Langit beranjak gelap saat uda mendekati pagar kontrakan. Seperti biasa rengek gembira Hanifa menyambut dari dalam kontrakan. Amat bergairah dan bertenaga sampai suaranya berontak keluar menyambangi telinga uda. Uda parkir Spuki  dan preteli  masker, sarung tangan, dan kresek berisi bekal. Uda singkap tirai kamar. Bukan permaisuri yang ada disana. Malah si mbah yang sedang asyik bercengkrama menemani  Hanifa. Uda lihat ke dapur, kosong. Di kamar mandi juga nihil. Ada sebentuk rindu hadir. Namun secara tak terbendung rasa gelisah juga turut mampir “Ummi masih ada acara di kantor, Bi…Tadi nelpon ke eyang sebelah” terang si mbah yang menyadari keterkejutan uda.  Tangan Hanifa menggapai-gapai minta dipangku. Uda angkat sekali ayun. Uda tempelkan pipinya sehingga pipi kami saling bertemu. Uda dekap ia tak terlalu lama. Sampai kemudian ia kembali meronta minta dikembalikan pada si mbah. Hehe, cuma ucapan selamat datang rupanya ya, Nak.
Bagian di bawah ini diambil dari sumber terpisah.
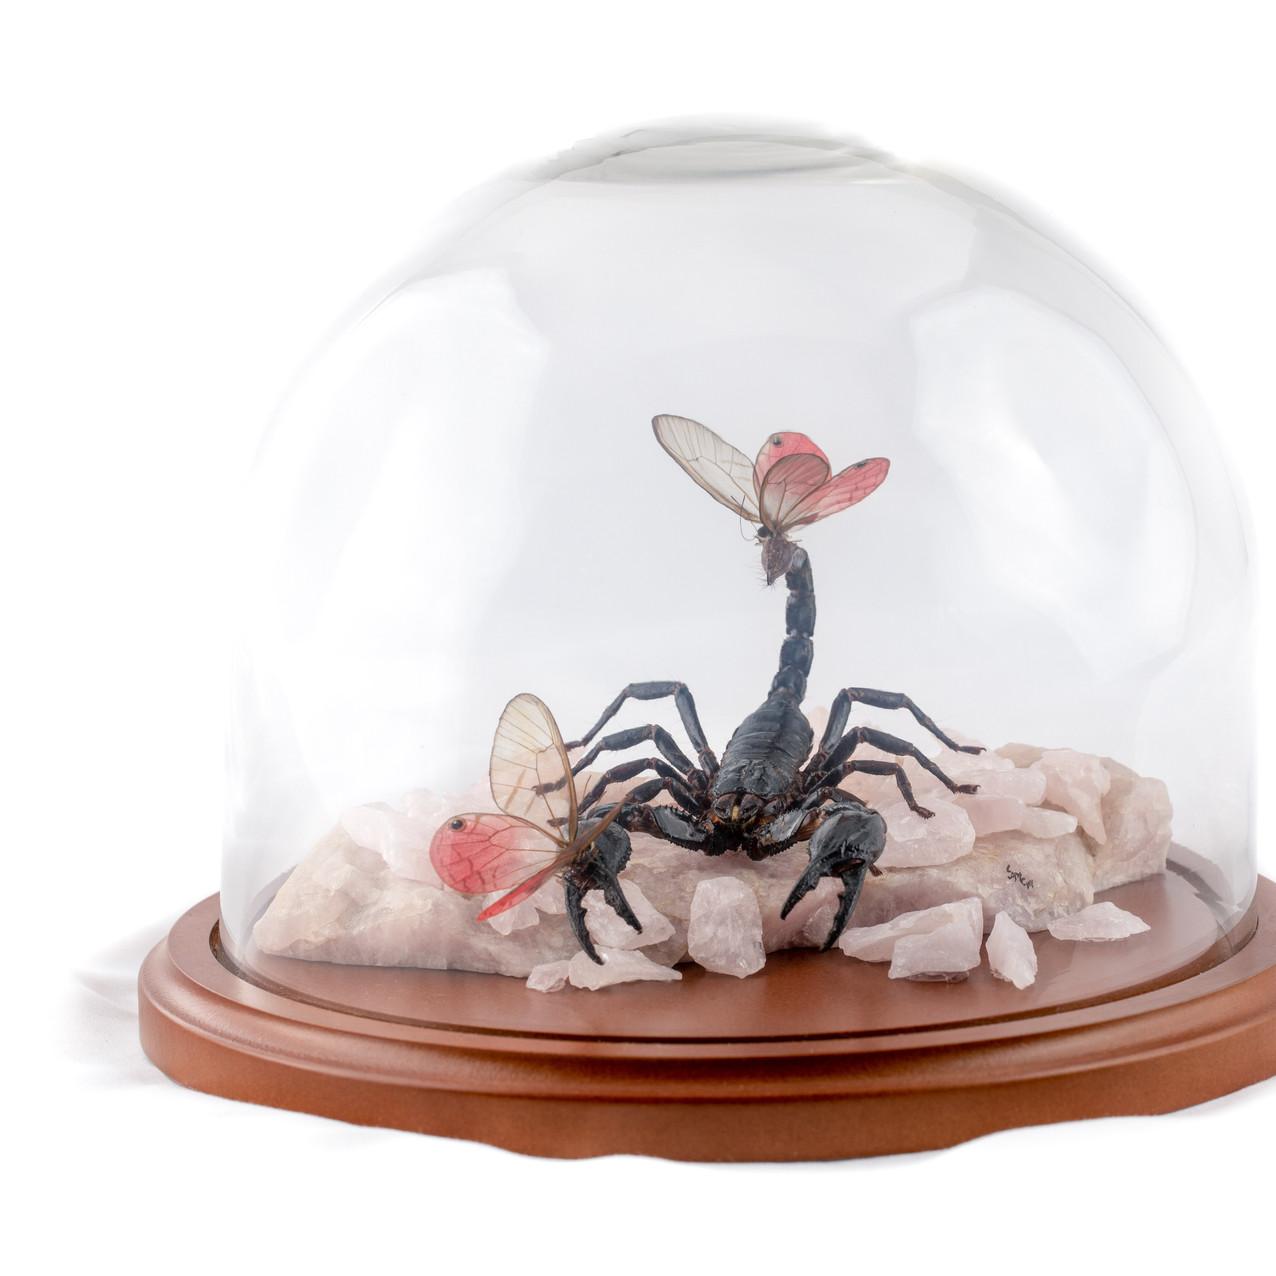 Forest Scorpion with Poseys, Rose Quartz

Bukan minta digendong beneran..

Tak ada hape di tangan untuk mengusir resah. Uda gali-gali isi tas sampai akhirnya menemukan hape feleksi yang lama tak diketemukan. Uda pencet tombol kehidupannya. Ia hidup sebentar untuk kemudian kembali mati. Uda duduk sebentar mencoba memutar otak. Uda obrak abrik laci kecil. Kemudian menggenggam beberapa recehan uang logam dan beranjak tergesa ke telepon umum di ujung gang kontrakan. Sambil sesekali memperhatikan gelagat sepeda ontel pink milik bidadari yang mungkin melintas. Uda masukkan beberapa keping receh sampai kemudian menyadari usaha itu sia-sia. Karena telepon umum tak berkorelasi dengan hape. Haha, mereka belum melakukan merger mungkin, entahlah.
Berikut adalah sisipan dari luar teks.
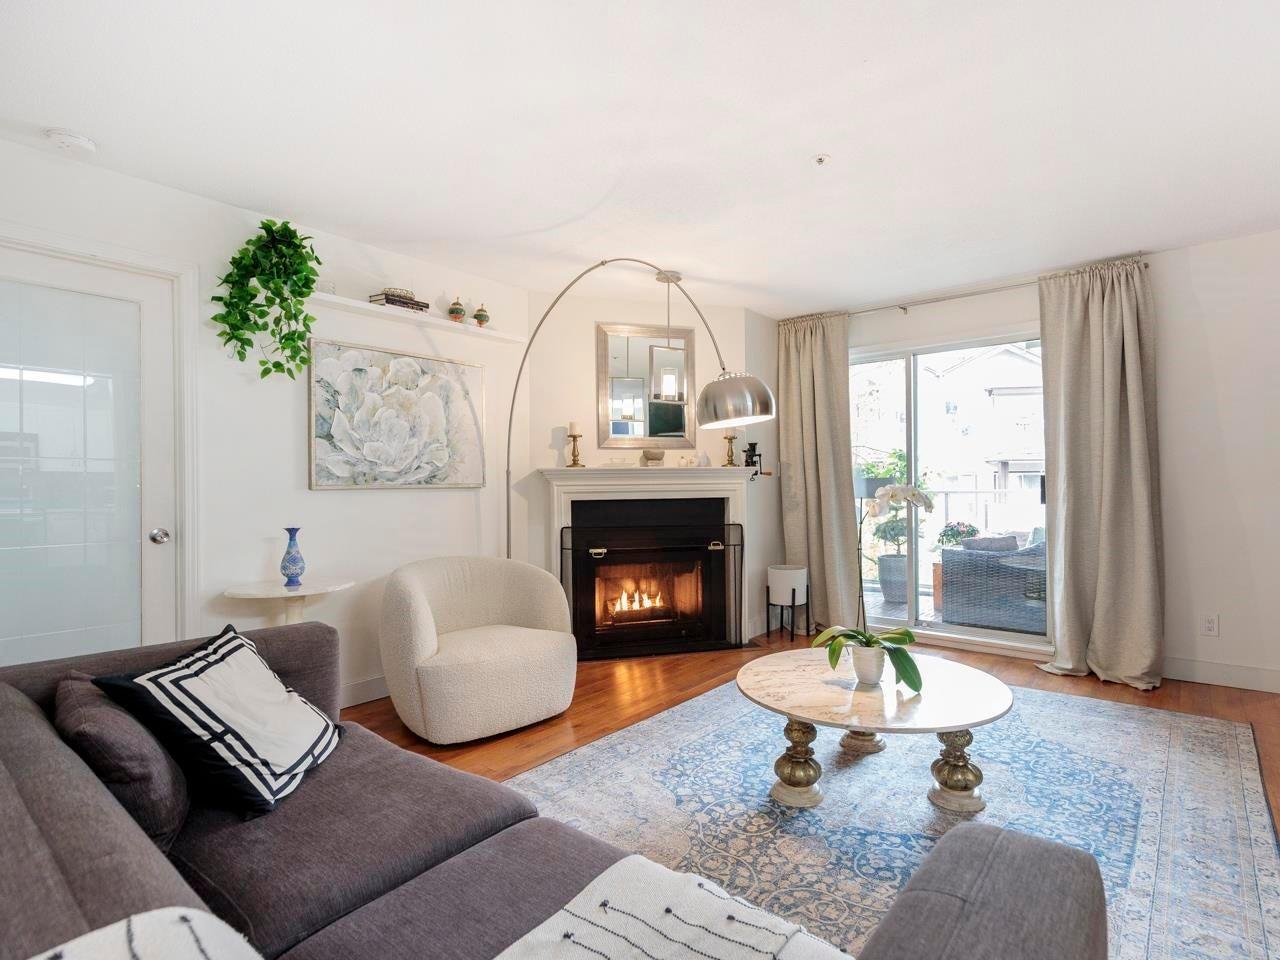 301 3680 RAE AVENUE - Collingwood VE Apartment/Condo for sale, 3 Bedrooms (R2626000) - #1

Dengan kegelisahan yang sama sekali belum menyusut uda sambangi gang depan kontrakan yang dekat dengan keramaian. Uda perhatikan orang-orang. Adakah wajah ramah yang bisa dimintai infaq pulsanya. Tampaknya belum ada yang mendekati potensial. Uda urungkan ide mengemis pulsa itu. Sambil mencari alternatif lain.

Uda sudah duduk berhadap-hadapan dengan sebuah situs chatting. Uda temukan beberapa kawan masih siaga di dunia mayanya. Beberapa orang uda sapa. Belum ada respon dan kegelisahan ini semakin menggila saja. Rindu uda sudah bertumpukan dengan kecemasan berlebih. Sampai seorang kawan diujung sana menanyakan keperluan uda. Sebut saja namanya Pipit. “Kenapa mas Ki’?” uda sampaikan hajat uda padanya, “Hubungi istri uda dong. Hape uda ga ketemu. Ke 0813-xxxx-xxxx, ya. Nanya aja ke beliau lagi dimana. Maaf merepotkan, Pit..  Khawatir nih uda soalnya.” Penjelasan Pipit yang menutup perbincangan kami melegakan hati uda “Lagi lembur mas katanya. Tapi ni dah OTW ke rumah”.

Di rumah, rampung mandi permaisuri uda tersenyum menyambut. Uda coba tafsirkan arti senyuman misterius itu. Inilah mungkin gejolak rasa permaisuri uda selama ini jika uda pulang malam tanpa kabar. Malam itu senyap memagut elegi rindu uda. Pemahaman terlambat yang menuntun ke perenungan. Namun tak lama semua cair, parodi yang baru saja uda rasakan mengurai gelak tawa kami dan menyisip hikmah teramat kental.  Sekental kopi yang uda minta permaisuri buatkan. 😀

* Tulisan yang hadir untuk merangkum penyesalan mendalam, yang mudah-mudahan diikuti oleh aksi insyaf

#di Sepasang Cangkir ini..

satu dari sepasang mug

satu dari sepasang mug

— 03 April 2011, 18.45 WIB

Uda pamit tanpa menjelaskan tujuan. Permaisuri uda cuma memandang heran. Lalu kembali bergelut manja dengan Hanifa. Keramaian hajatan Maulid Nabi telah menutup jalan raya, uda dan Scoopy terpaksa menyusuri lorong-lorong gang sempit. Meliuk-liuk menghindari lalu lalang kendaraan lain yang juga tersendat macet.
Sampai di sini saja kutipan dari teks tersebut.